旅が好きだが、人見知りなので現地人とすぐに仲良くなったり、熱い友情が芽生えたりすることは少ない。親しくなったかと思えばだいたい騙されたりぼったくられたり、失意のまま帰国することも多い。

そういうものにちょっと疲れて、たまには人と接さない場所に行こうと思った。この地球上で唯一、一般人の住むことのない大陸。南極大陸だ。

そんなわけで、2020年1月に南極に訪れた。

南極までの行程や世界一荒れる海、息を飲む景色については文藝春秋digitalに書いた。また南極海に飛び込む「ポーラー・ブランチ」という狂気のイベントに関しても触れている。

記事は途中まで無料で読めます。4月上旬発売の「文藝春秋」本誌にも掲載されることになっている(!)ので、見かけたらぜひ手に取ってみてください。

記事を公開したのち、いくらかかるのか、そのコストに見合うのかといったことを多くの人に尋ねられた。しかし費用は申し込み方法によって大きく変わる。
日本からのツアーに参加すると、だいたい200万円弱。アルゼンチンからの現地ツアーだと100万円くらいで、僕はこの方法を選んだ。

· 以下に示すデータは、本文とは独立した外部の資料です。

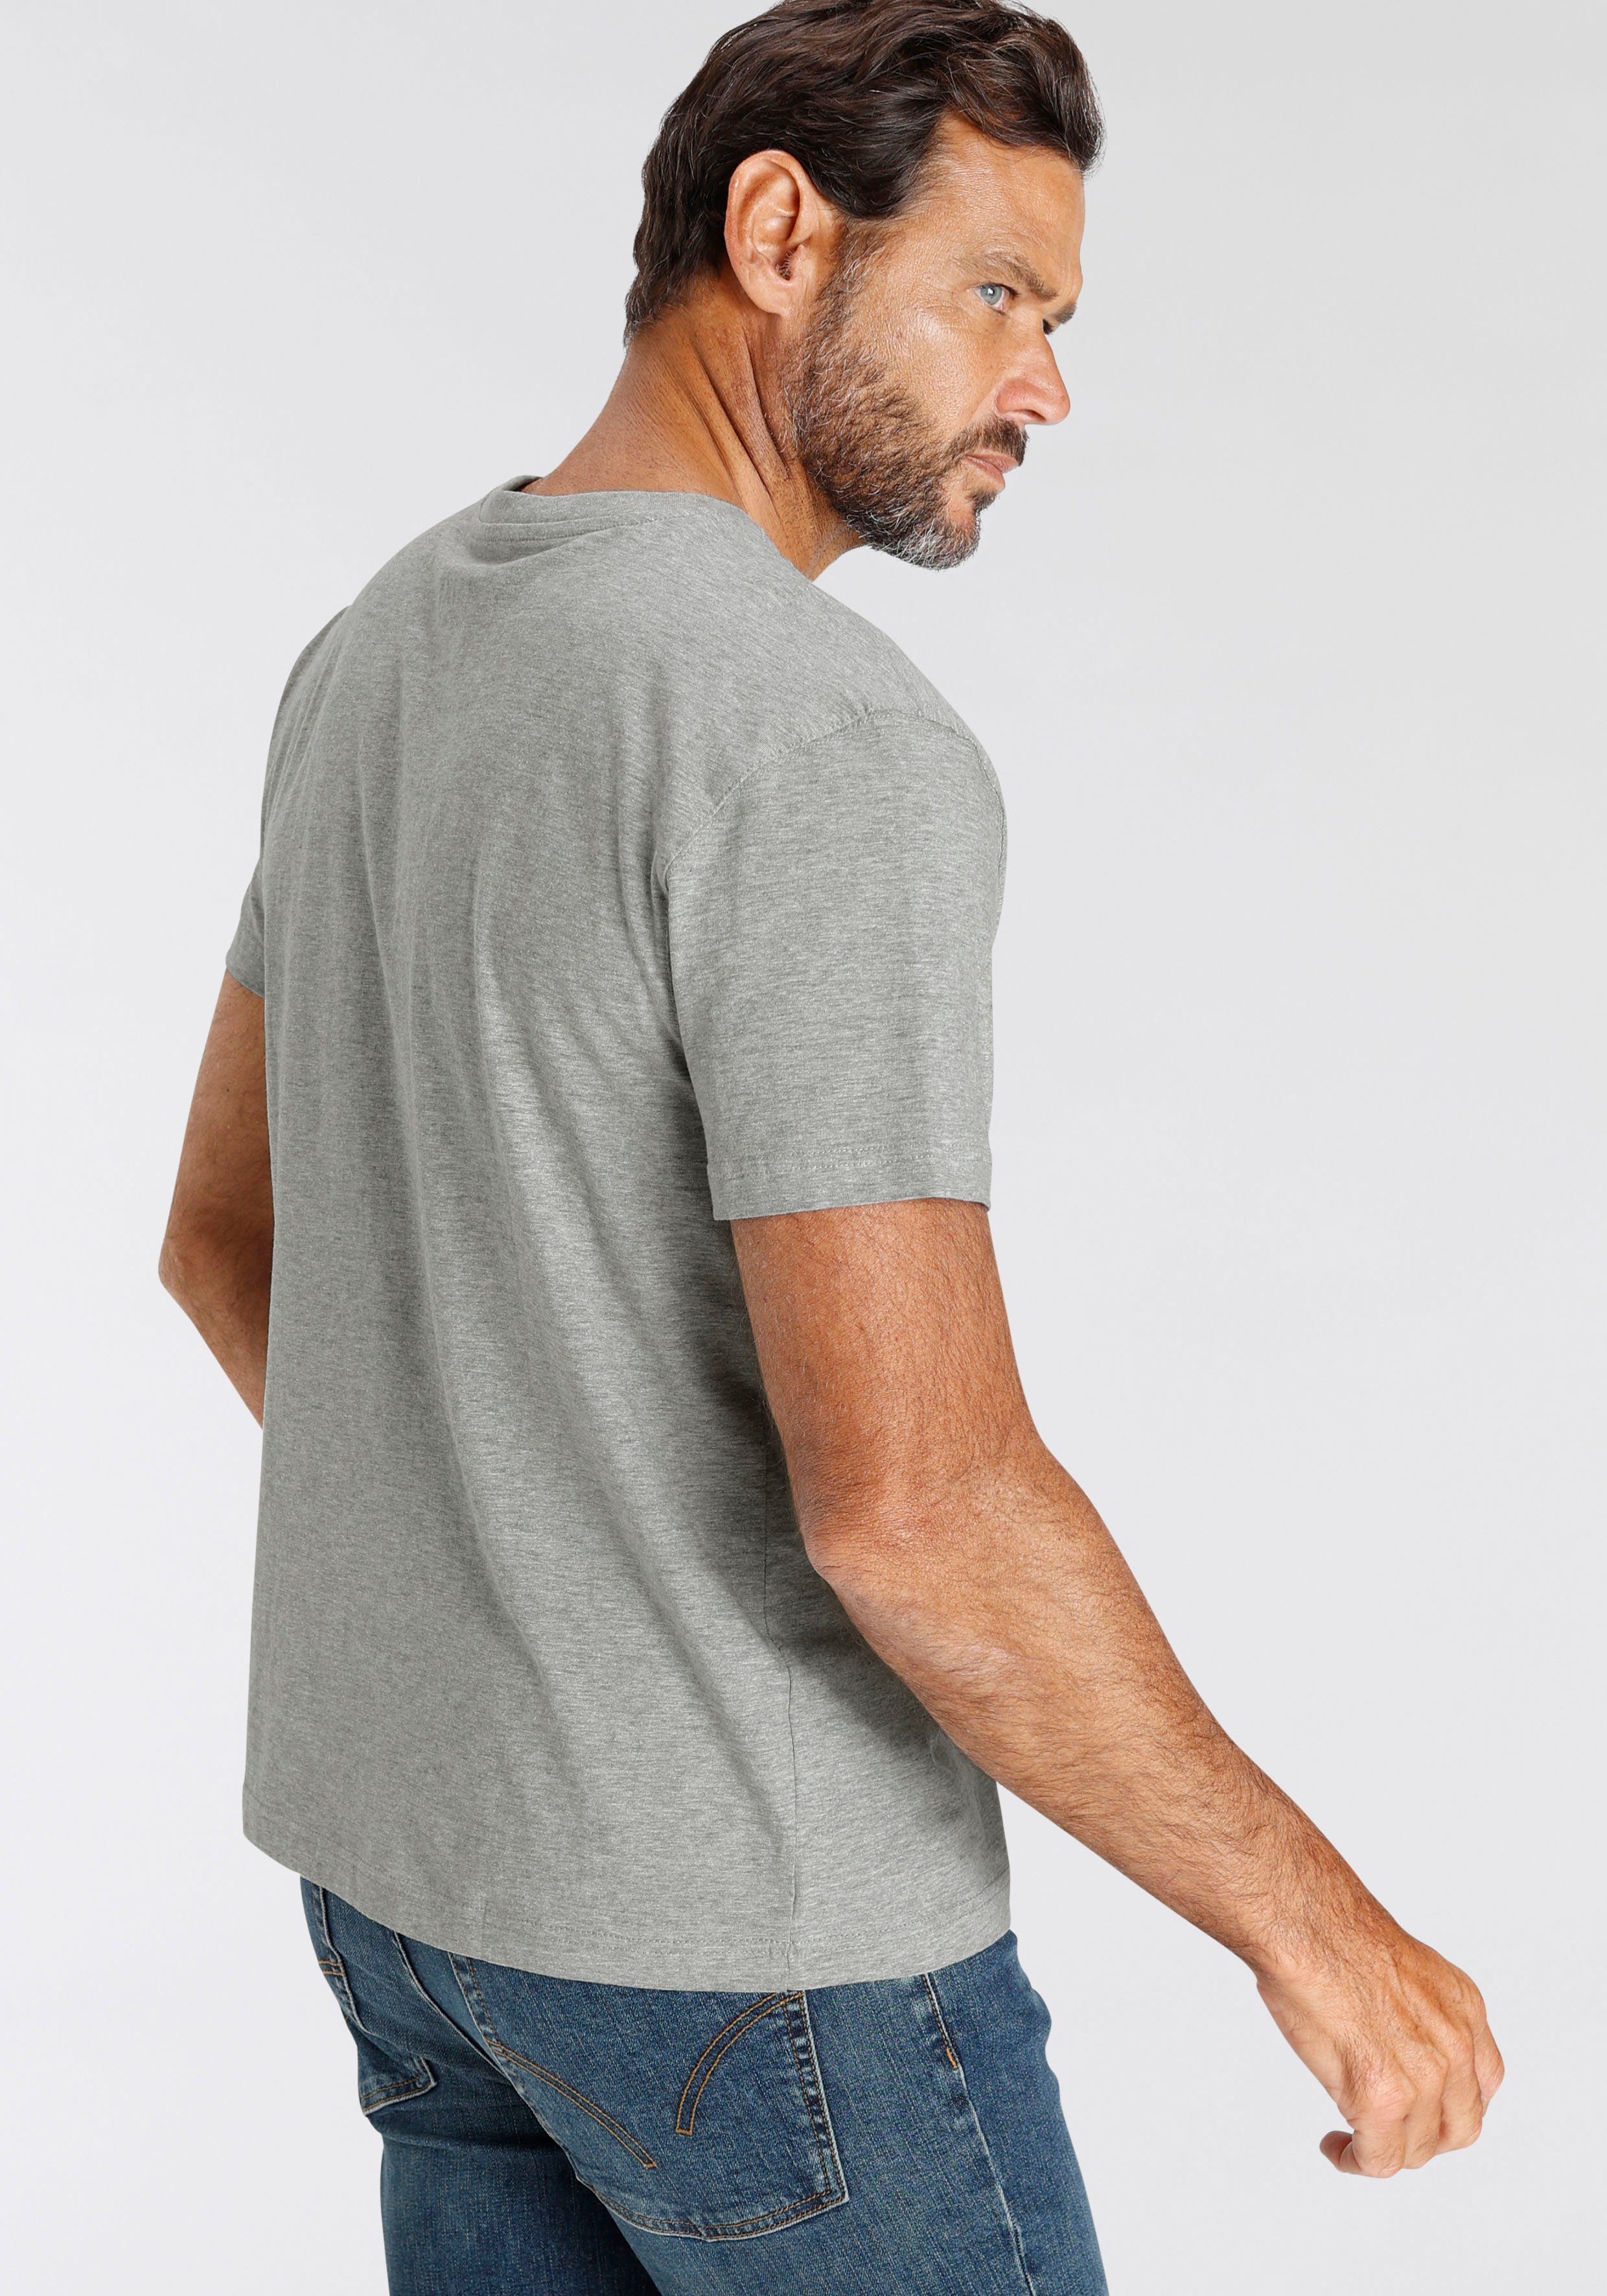 Man's World T-Shirt (Packung, weiss-grau-mel.-schwarz 3-tlg., 3er-Pack) perfekt Unterzieh- als T-shirt

なお直前のキャンセル待ちを狙うとその半額で行けるらしいが、これは休みをかなり柔軟にとれる人でないと難しいだろう。

では100万円払って何をするかというと、もちろん海に飛び込むだけではない。日中に小さなボートで大陸へ上陸し、夜は船に泊まるという生活を繰り返すのである。

上陸のメインは雄大な景色と、それからやはりペンギンだ。僕が訪れた地域では4種類のペンギンを目にすることができたが、とびきり好みだったのがアデリーペンギンという品種である。白と黒の真ん丸だけで構成された目に、興奮すると頭が三角形になるという習性。漫画としか思えない。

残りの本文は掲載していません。